The historian never stopped repeating to himself that he knew
nothing about it; that he was a mere instrument of measure, a
barometer, pedometer, radiometer; and that his whole share in the
matter was restricted to the measurement of thought-motion as
marked by the accepted thinkers. He took their facts for granted.
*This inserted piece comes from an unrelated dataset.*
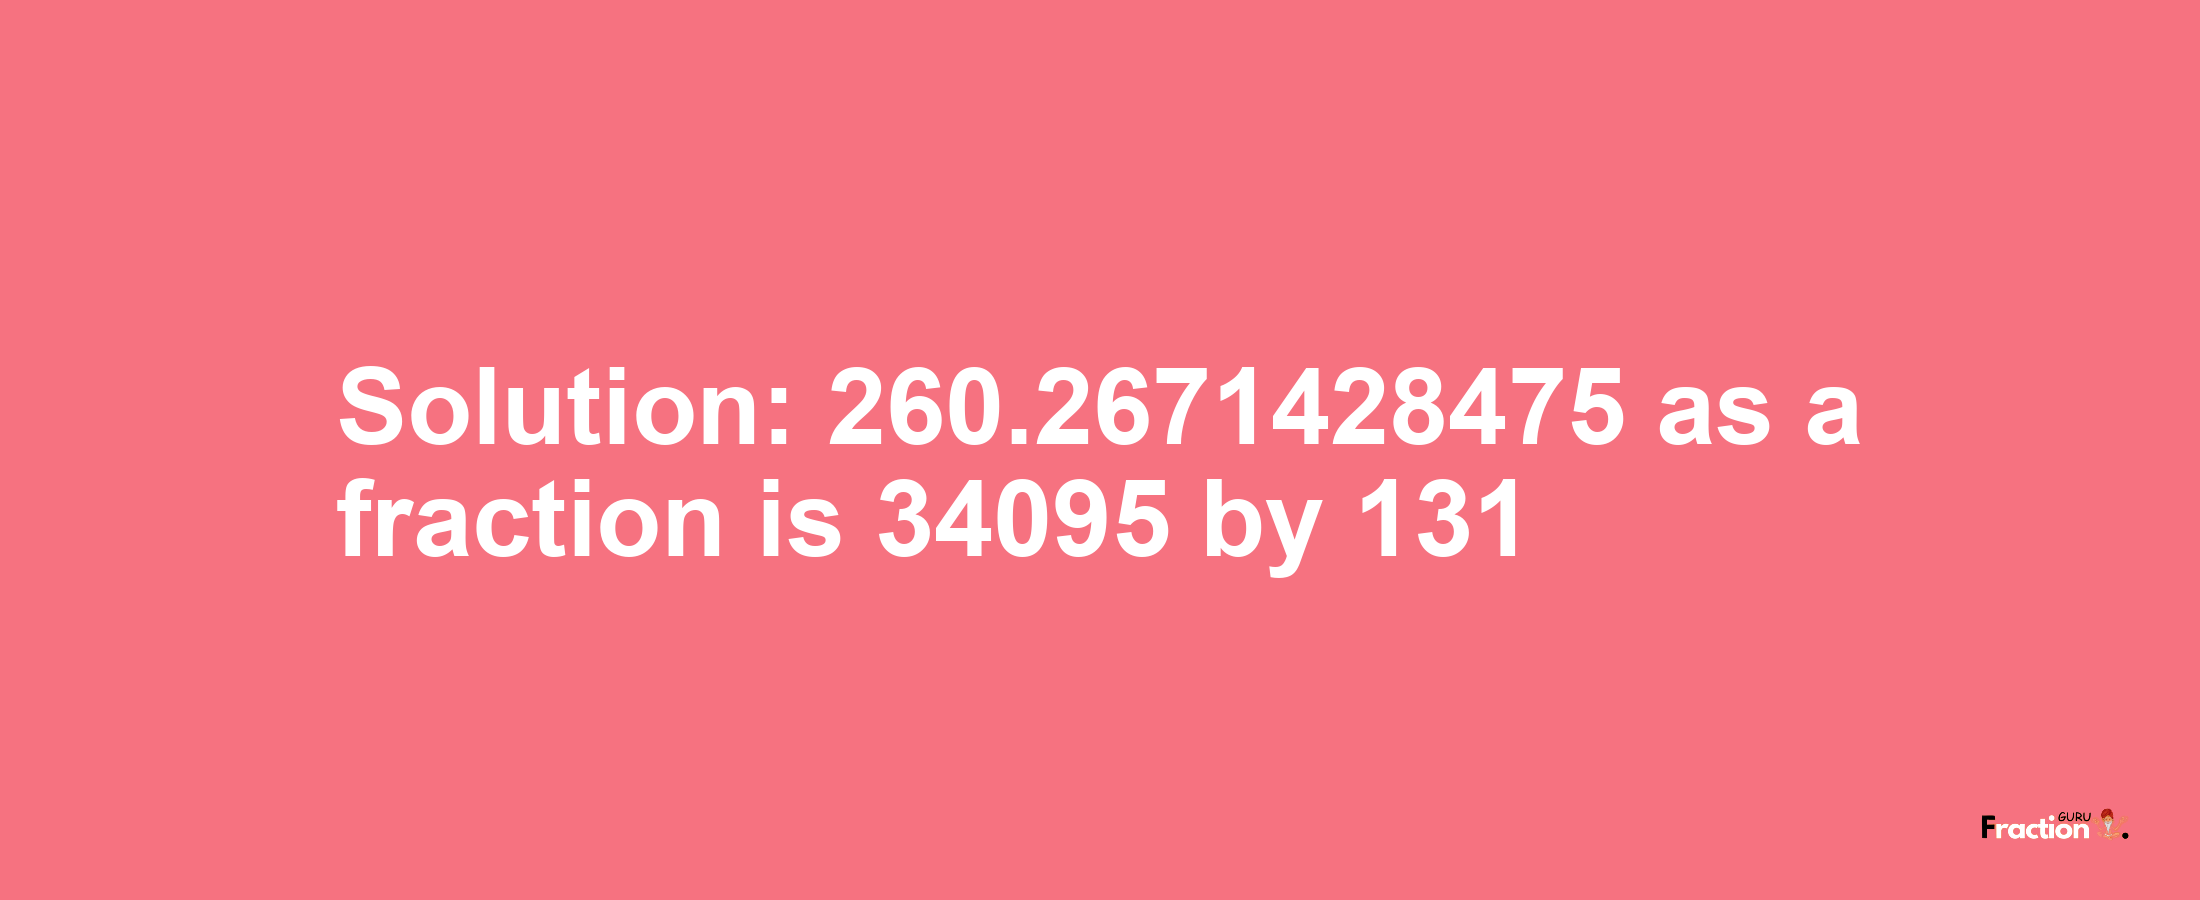 Solution:260.2671428475 as a fraction is 34095/131

He knew no more than a firefly about rays -- or about race -- or
sex -- or ennui -- or a bar of music -- or a pang of love -- or a
grain of musk -- or of phosphorus -- or conscience -- or duty --
or the force of Euclidian geometry -- or non-Euclidian -- or heat
-- or light -- or osmosis -- or electrolysis -- or the magnet --
or ether -- or vis inertiae -- or gravitation -- or cohesion --
or elasticity -- or surface tension -- or capillary attraction --
or Brownian motion -- or of some scores, or thousands, or
millions of chemical attractions, repulsions or indifferences
which were busy within and without him; or, in brief, of Force
itself, which, he was credibly informed, bore some dozen
definitions in the textbooks, mostly contradictory, and all, as
he was assured, beyond his intelligence; but summed up in the
dictum of the last and highest science, that Motion seems to be
Matter and Matter seems to be Motion, yet "we are probably
incapable of discovering" what either is. History had no need to
ask what either might be; all it needed to know was the admission
of ignorance; the mere fact of multiplicity baffling science.